At this point it appears exceedingly unlikely that anyone will receive a chassis from Barry, whether they paid for it or not, due to the long period since he has responded to inquiries.


The chassis from Barry that I received leaves much to be desired. A number of holes were either not drilled or were drilled in the wrong location (based on Fletch's drawings). The axles are not square to the chassis leading to a pronounced tilt of the boiler and a chassis that is not actually parallel to the track. The only real fix is to remove the axles and to bore out the axle holes for bushings. Without my late lamented machine shop, that's not feasible. A friend milled down the lower chassis extrusion so at least the boiler will set horizontally. I also had to loosen up the fit of the rods to the wheels to eliminate misalignments and bindings.


Andy


----------



## abernat (Jan 3, 2008)

Now on to some photos.


The new Bogie with her older sister.
 







 









 


For the headlamp, I decided to go a little nuts and I milled the curved top in steps on my Sherline mill (not quite the Bridgeport I used to have 







) - I stepped in 0.02" steps and then sanded smooth.
 













 
 







 


For the Congdon stack, I was able to find more of the bottle that gave me the upper cone shape - using the lower part of this bottle right below the Method name is an almost perfect fit. However, this time I had to order them online and it seems to me that they are closing out this bottle for a flat one. So, if you're looking for a Congdon upper cone, you might want to check out Method products. Shipping was the most expensive part because I could not find it locally any more.


----------



## peter bunce (Dec 29, 2007)

Hi Andy, 

Welcome back I have not seen you posting for a while! The new Mason is looking good, what color are you thinking of please? 
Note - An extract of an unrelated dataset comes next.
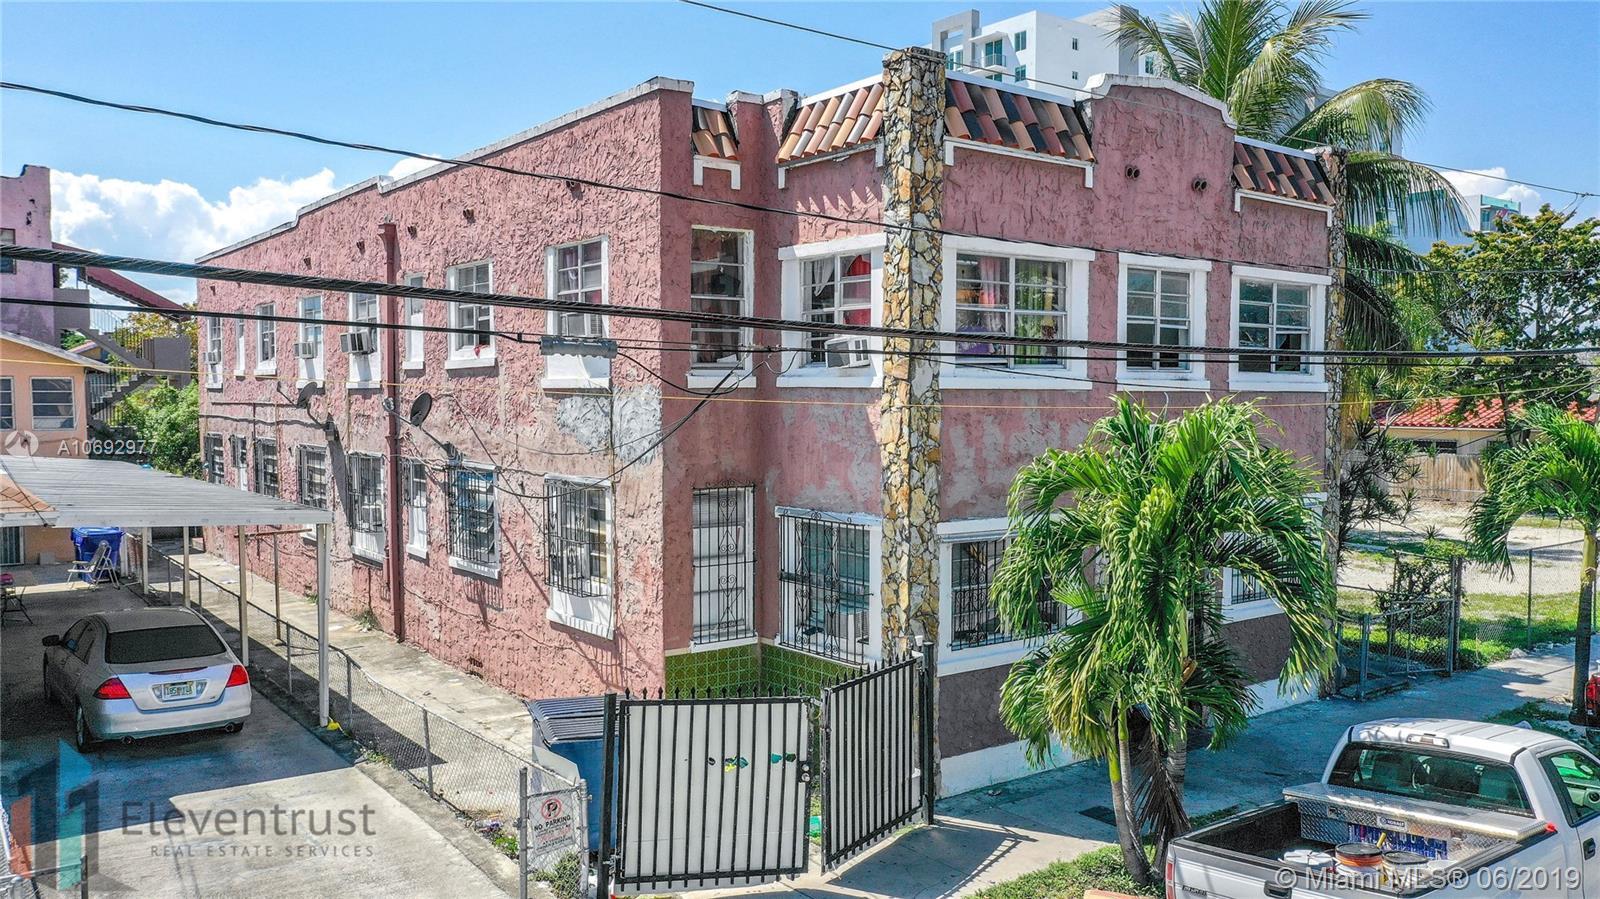 120 NW 7th Ave, Miami, FL 33128

Thanks for the photos, its always good to see such nice work.


----------



## David Fletcher (Jan 2, 2008)

Terrific Andy, 
Excellent work so far. Really nice to see just one more Mason model come out of the class. Its a real shame about the BBT drive, and so much disappointment all round, especially considering the work put into the class. But the models finishes speak for themselves and another fine model on the way. 

Thanks Andy, 
Keep posting mate, 
David. 

If interest is there, and people are looking to build models again, I'm more than willing to run another class.


----------



## placitassteam (Jan 2, 2008)

Nice job Andy!! 
I'm glad to see another Bogie in the works. You will probably have 2 done before I get my first completed. I'm hoping to have mine done in time for the Garden Railroad Convention in July. It is all in pieces now for painting. David's chassis is definitely the way to go. 
David , are you being affected by all the fires?


----------



## abernat (Jan 3, 2008)

Peter - I'm thinking the dark green or brown. I have gold decals in hand.


Yes, the laser chassis the way to go folks. But I've got the Barry chassis so am using it.


----------



## alcashj94 (Jan 2, 2008)

Andy - good to see another one being built, I bet this will go faster than the first one!

I see you are thinking of a green or brown livery so you obviouslly prefer the 'older' schemes but have you considered using the newer square window cab and possibly one of the other stack styles? I think it is always nice to have differences when you have more than one of a class.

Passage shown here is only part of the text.